Seçimler geldi dayandı kapıya ve son haftaya girmiş olduk.
Partili olsun olmasın hemen herkes için seçim heyecanı başladı.
Özellikle ben partili değilim hatta oy kullanmayacağım diyenler için bile.
Hiç beklemediğiniz insanlar kapı kapı gezip ya kendilerine yakın buldukları partiye oy istiyorlar, ya da karşı oldukları partiye oy verilmemesini telkin ediyorlar.
Neden eskiden beridir karşı oldukları siyasete bulaştıklarını sorunca bir kısım insanlar kendilerine emsal olarak, eskinin il başkanı, şimdinin milletvekili adayını gösteriyorlar.
Diğer bir kısım için ise;
Mazeretler de şimdiden hazır.
Bu seçim önceki seçimlerden çok önemlidir.
Bu seçimde sadece milletvekili seçilmeyecek, Türkiye’nin geleceği belirlenecek sözleriyle başlayan birçok ezberletilmiş cümle hazır dillerinde.
Cumhurbaşkanını Cennet mekân Abdülhamid Han ile kıyaslamadan tutun da, Başbakanı bilge ilan etmeye kadar neler var neler.
Malum bu ülkede her seçimde parti liderlerine veya başbakanlara yeni yeni lakaplar takmak adet olmuştur.
Şöyle bir 25 ila 35 sene geriye dönüp bakınca ne lakaplar, ne unvanlar akla geliveriyor.
Bu siyasete aklı geç erenlere, geçmiş seçimlerin daha mı az önemli olduğu sorulduğunda veya önceki yıllarda yapılan seçimlerin Türkiye’nin geleceğini belirleme açısından daha mı az önemli olduğu sorulduğunda kekemeye dönmeleri insanı şaşırtıyor.
En garibime giden de yıllarca siyasete karşı olanların bu seçimde heyecan içinde bir siyasi partiyi desteklemelerinin tuhaflığıdır.
Bunlardan bazıları bir siyasi partinin taraftarlarının kendilerine yaptıkları tenkidi “parti din değildir” diye red edip farklı sözlerle itham ederlerken şimdilerde imamların her Cuma günü minberde okudukları “Muhakkak ki Allah, adaleti, iyiliği, akrabaya yardım etmeyi emreder, çirkin işleri, fenalık ve azgınlığı da yasaklar.
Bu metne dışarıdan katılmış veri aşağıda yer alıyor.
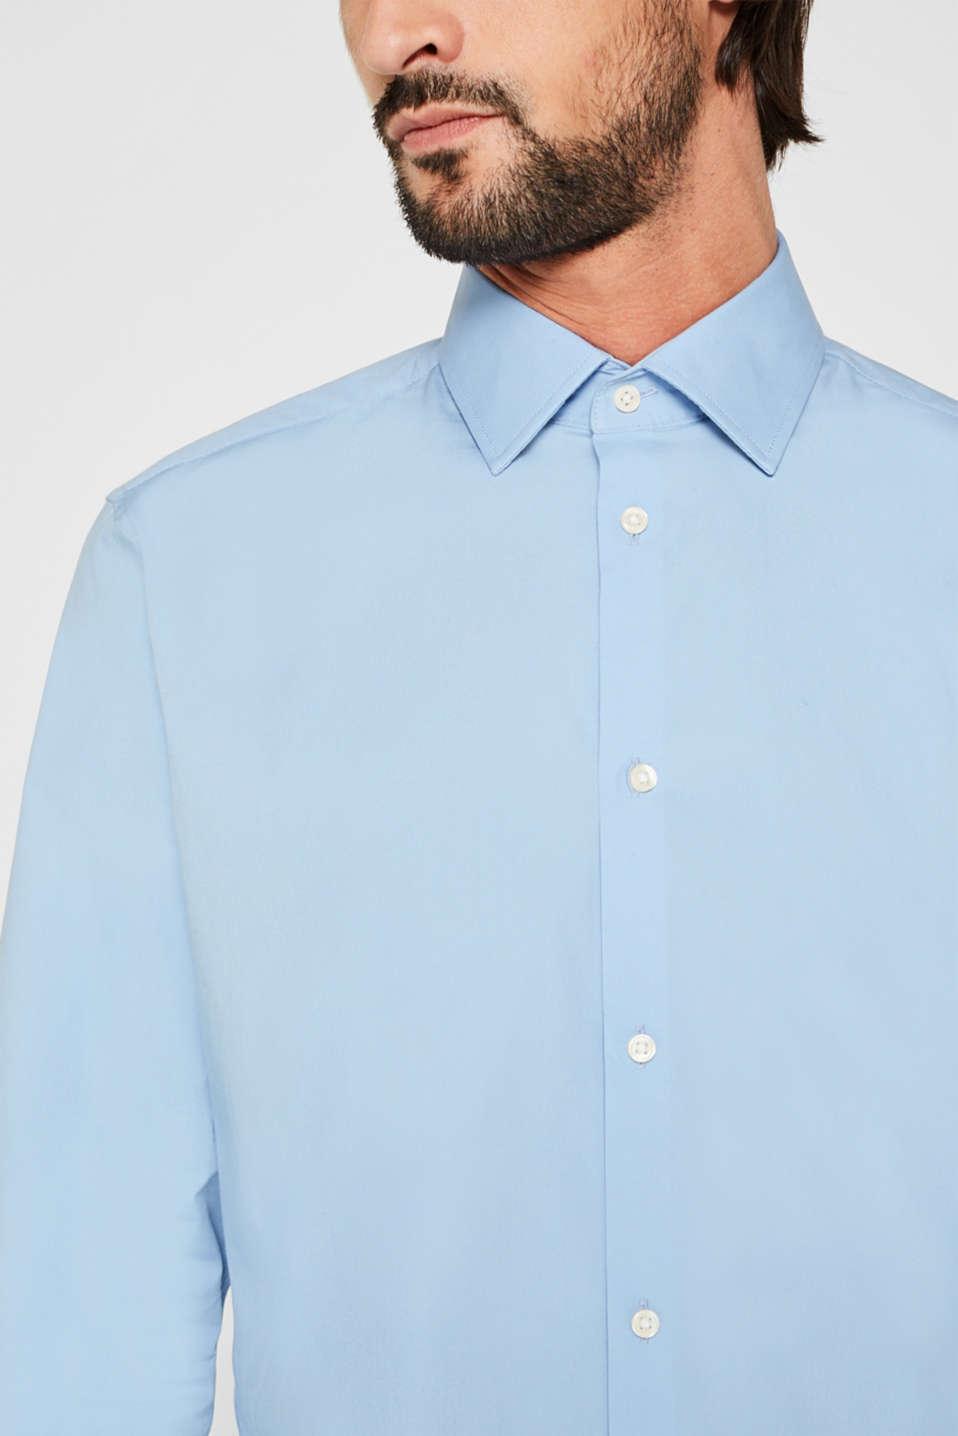 Mixed Sets Slim fit, LIGHT BLUE, detail image number 6

O, düşünüp tutasınız diye size öğüt veriyor” MEALİNDEKİ Nahl Suresinin 90. Ayetinin akrabaya yardım etme bölümünü kendilerince seçimde oy verme olarak anlayabilmektedirler.
Anlamakta zorlandığımız bir diğer grup ise, içlerinden çıktıkları siyasi yapıyı elleri ile yokluğa mahkum ettikten sonra seçimde alınan sonuçlara bakarak size verilen oylar boşa gitmiştir mavalına sarılmalarıdır.
Yıllarca diğer partiler tarafından kendilerine söylenmiş bu sözü şimdi siyasi çokluklarıyla övünerek içinden çıktıkları siyasi partiye yöneltmiş olmaları aşağılık kompleksinden başka bir şey olmasa gerek.
En başta söyledik son haftaya girdik diye.
Son haftaya girmiş olmamız nedeniyle bu arada yavaş yavaş seçim totoların da başladığını görmekteyiz.
Seçimlerden tek parti iktidarının çıkıp çıkmayacağı ile vatandaş arasında terör örgütü ile bir tutulan bir siyasi partinin bu defa da barajı aşıp aşamayacağı gibi konular favori iddia konuları olarak konuşulmakta.
Arkadaş gruplarından tutun da komşu esnaflar arasında bile siyaset bezirgânlarına taş çıkaracak seçim totoların vatandaşımıza neler unutturduğuna gelince;
Mesela sınır komşumuzdaki vahşi savaşın mazlumları unutturuldu.
Mesela Suriye de ekmeğin fiyatının 20 liraya yaklaşmış olması unutturuldu.
Mesela Hz. Hüseyin’in(ra) şehadetine yas tutanların yezidi lanetlerken İran Rusya ortaklığı ile Suriye ve Irak’ta yaptıkları vahşetler ve yezidlikler unutturuldu.
Mesela Rabia Meydanı da, Sisinin yaptığı rezillikler de unutturuldu.
Daha çok unutturulan var derseniz;
Unutturulanlardan ayamadıklarımız elbette bunlardan daha fazladır.